Before we discuss methods for maintaining state, let's briefly review what we learned earlier about the HTTP transaction model. This will provide a context to understand the options we present later. Each and every HTTP transaction follows the same general format: a request from a client followed by a response from the server. Each of these is divided into a request/response line, header lines, and possibly some message content. For example, if you open your favorite browser and type in the URL:

http://www.oreilly.com/catalog/cgi2/index.html

Your browser then connects to www.oreilly.com on port 80 (the default port for HTTP) and issues a request for /catalog/cgi2/index.html. On the server side, because the web server is bound to port 80, it answers any requests that are issued through that port. Here is how the request would look from a browser supporting HTTP 1.0:

GET /index.html HTTP/1.0
Accept: image/gif, image/x-xbitmap, image/jpeg, image/png, */*
Accept-Language: en
Accept-Charset: iso-8859-1,*,utf-8
User-Agent: Mozilla/4.5 (Macintosh; I; PPC)

The browser uses the GET request method to ask for the document, specifies the HTTP protocol to use, and supplies a number of headers to pass information about itself and the format of the content it will accept. Because the request is sent via GET and not POST, the browser is not passing any content to the server.

Here is how the server would respond to the request:

HTTP/1.0 200 OK
Date: Sat, 18 Mar 2000 20:35:35 GMT
Server: Apache/1.3.9 (Unix)
Last-Modified: Wed, 20 May 1998 14:59:42 GMT
Content-Length: 141
Content-Type: text/html

(content)
...

In Version 1.0 of HTTP, the server returns the requested document and then closes the connection. Yes, that's right: the server doesn't keep the connection open between itself and the browser. So, if you were to click on a link on the returned page, the browser then issues another request to the server, and so on. As a result, the server has no way of knowing that it's you that is requesting the successive document. This is what we mean by stateless , or nonpersistent; the server doesn't maintain or store any request-related information from one transaction to the next. You do know the network address of the client who is connecting to you, but as you'll recall from our earlier discussion of proxies (see Section 2.5, "Proxies"), multiple users may be making connections via the same proxy.

You may be waiting to hear what's changed in Version 1.1 of HTTP. In fact, a connection may remain open across multiple requests, although the request and response cycle is the same as above. However, you cannot rely on the network connection remaining open since the connection can be closed or lost for any number of reasons, and in any event CGI has not been modified to allow you access any information that would associate requests made across the same connection. So in HTTP 1.1 as in HTTP 1.0, the job of maintaining state falls to us.
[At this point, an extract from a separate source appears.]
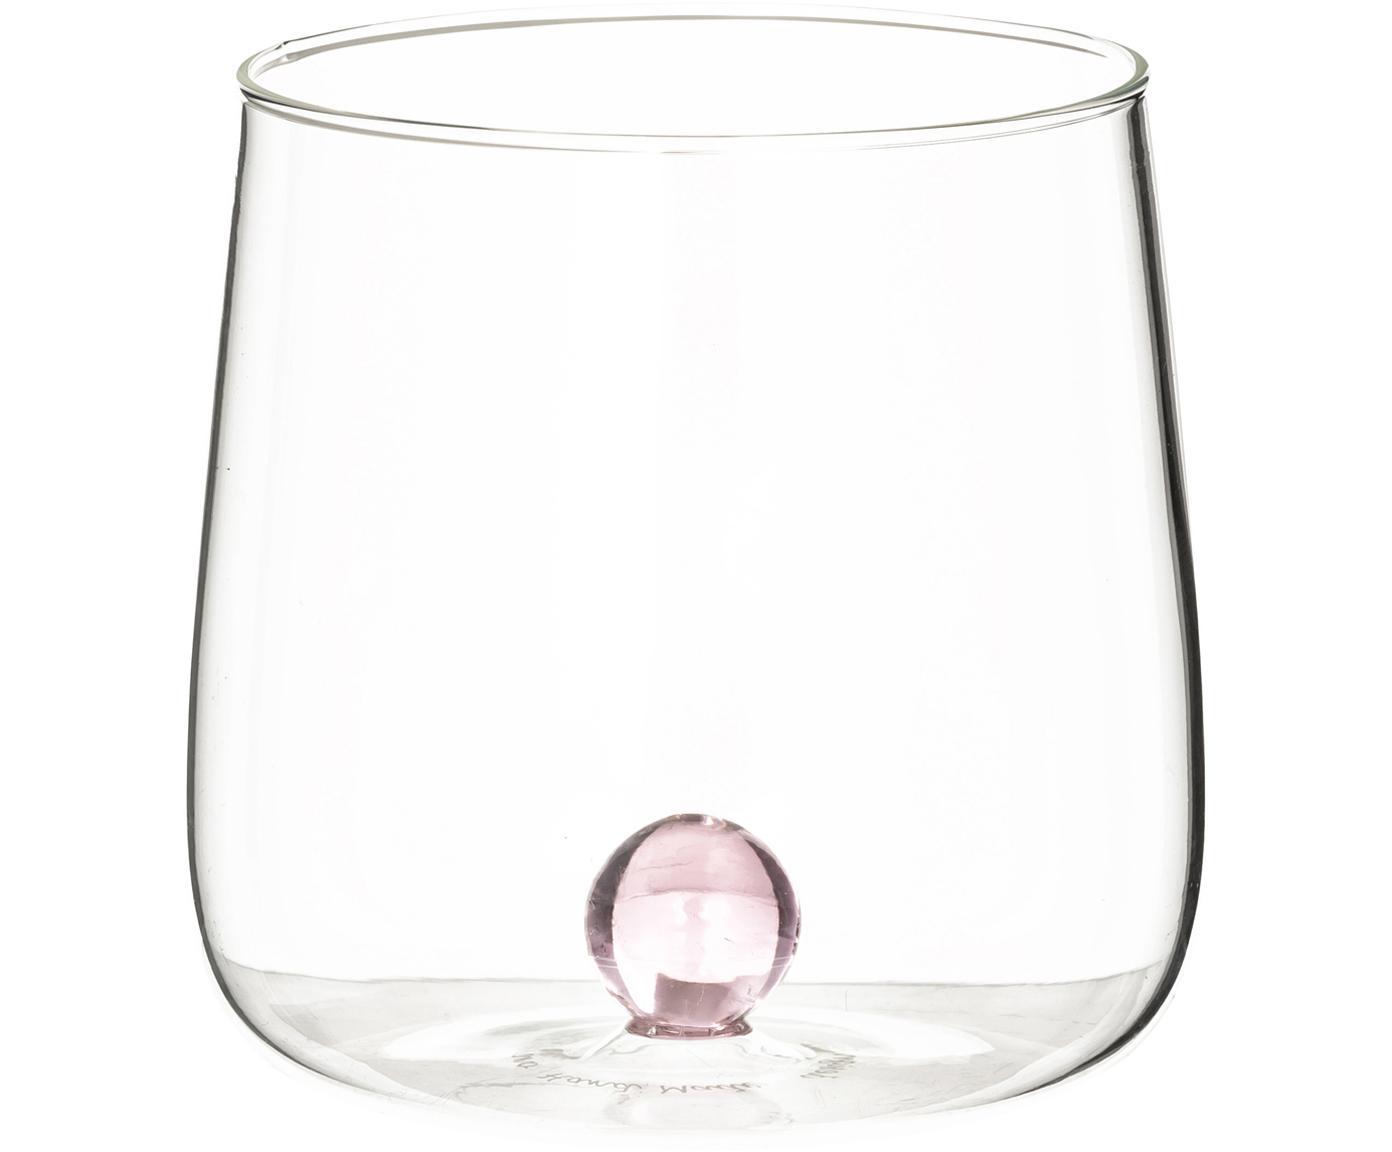 Vasos de vidrio soplado de diseño Bilia, 6uds., Vidrio de borosilicato, Transparente, rosa, Ø 9 x Al 9 cm

Consider our shopping cart example: it should allow consumers to navigate through many pages and selectively place items in their carts. A consumer typically places an item in a cart by selecting a product, entering the desired quantity, and submitting the form. This action sends the data to the web server, which, in turn, invokes the requested CGI application. To the server, it's simply another request. So, it's up to the application to not only keep track of the data between multiple invocations, but also to identify the data as belonging to a particular consumer.

In order to maintain state, we must get the client to pass us some unique identifier with each request. As you can see from the HTTP request example earlier, there are only three different ways the client can pass information to us: via the request line, via a header line, or via the content (in the case of a POST request). Thus, in order to maintain state, we can have the client pass a unique identifier to us via any of these methods. In fact, the techniques we'll explore will cover all three of these ways:

Query strings and extra path information

It's possible to embed an identifier in the query string or as extra path information within a document's URL. As users traverse through a site, a CGI application generates documents on the fly, passing the identifier from document to document. This allows us to keep track of all the documents requested by each user, and in the order in which they were requested. The browser sends this information to us via the request line.

Hidden fields

Hidden form fields allow us to embed "invisible" name-value information within forms that the user cannot see without viewing the source of the HTML page. Like typical form fields and values, this information is sent to the CGI application when the user presses the submit button. We generally use this technique to maintain the user's selections and preferences when multiple forms are involved. We'll also look at how CGI.pm can do much of this work for us. The browser sends this information to us via the request line or via the message content depending on whether the request was GET or POST, respectively.

Client-side cookies

All modern browsers support client-side cookies, which allow us to store information on the client machine and have it pass it back to us with each request. We can use this to store semi-permanent data on the client-side, which will be available to us whenever the user requests future resources from the server. Cookies are sent back to us by the client in the Cookie HTTP header line.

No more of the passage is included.